I expect this actually does explain a lot of this sort of consumer behavior. Choice sets really do typically contain info that we quite reasonably notice. Kamenica's other papers are interesting too, including these speed dating results:
Women put greater weight on the intelligence and the race of partner, while men respond more to physical attractiveness. Moreover, men do not value women's intelligence or ambition when it exceeds their own. Also, we find that women exhibit a preference for men who grew up in affluent neighborhoods. Finally, male selectivity is invariant to group size, while female selectivity is strongly increasing in group size.
@floccina
"Is that why women from urban areas marry less than women from rural areas? "

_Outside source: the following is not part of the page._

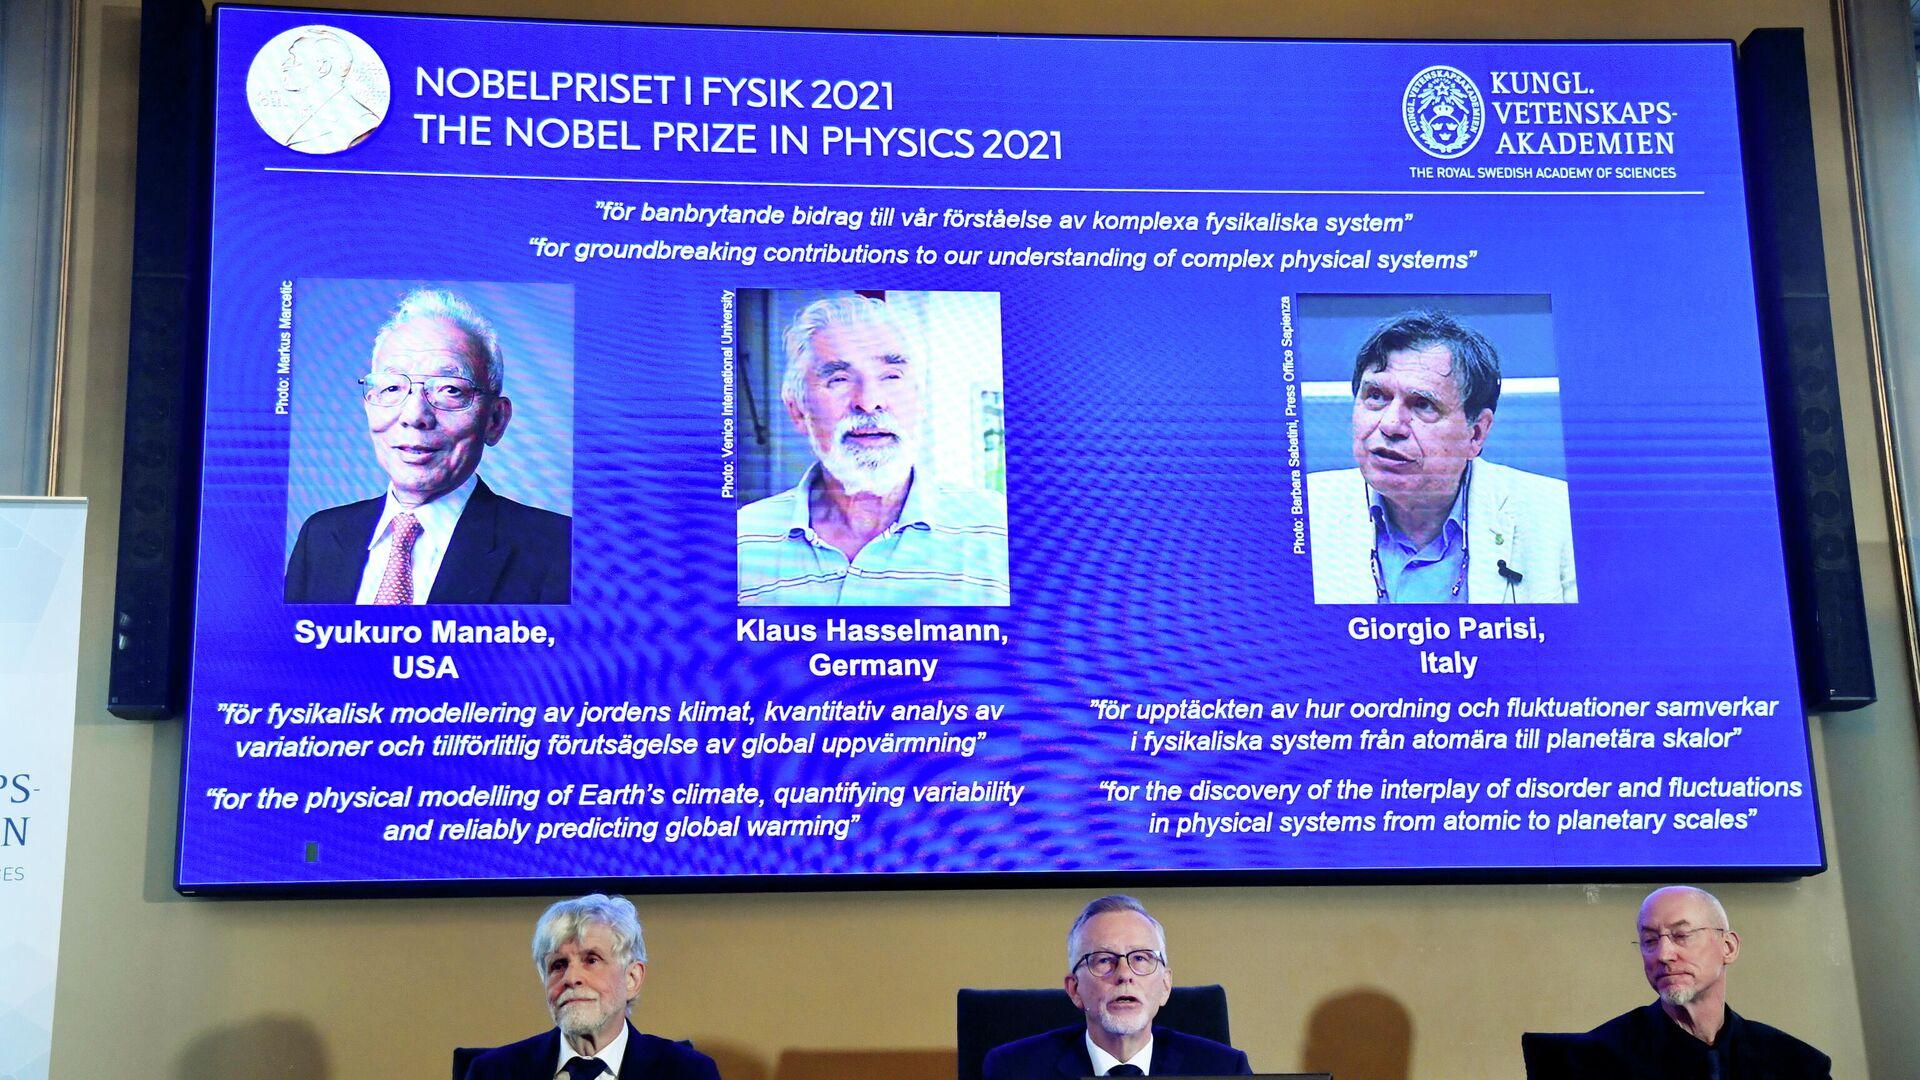 Лауреатами Нобелевской премии по физике 2021 года стали Сюкуро Манабэ, Клаус Хассельман и Джорджо Паризи - Sputnik Беларусь, 1920, 05.10.2021

I wonder if the "folk wisdom" about major metropolitan areas is true - that it's harder for women to date and thus marry due to the fact that such areas attract a large number of gay men, skewing the ratios.
In Manhattan only 37% of women ever marry, compared with 61% across the USA. Since gay women are estimated to make up only 4-6% (this may be an undercount) of New York's female population, that can't account for the difference.
However, it's important to note that these effects can vary by nabe. Downtown, near the FiDi, men outnumbered women in a ratio of 126 to 100 in 2007, as male brokers & traders clustered in TriBeCa, sharing apartments to be near work.
Finally, male selectivity is invariant to group size, while female selectivity is strongly increasing in group size.
Is that why women from urban areas marry less than women from rural areas?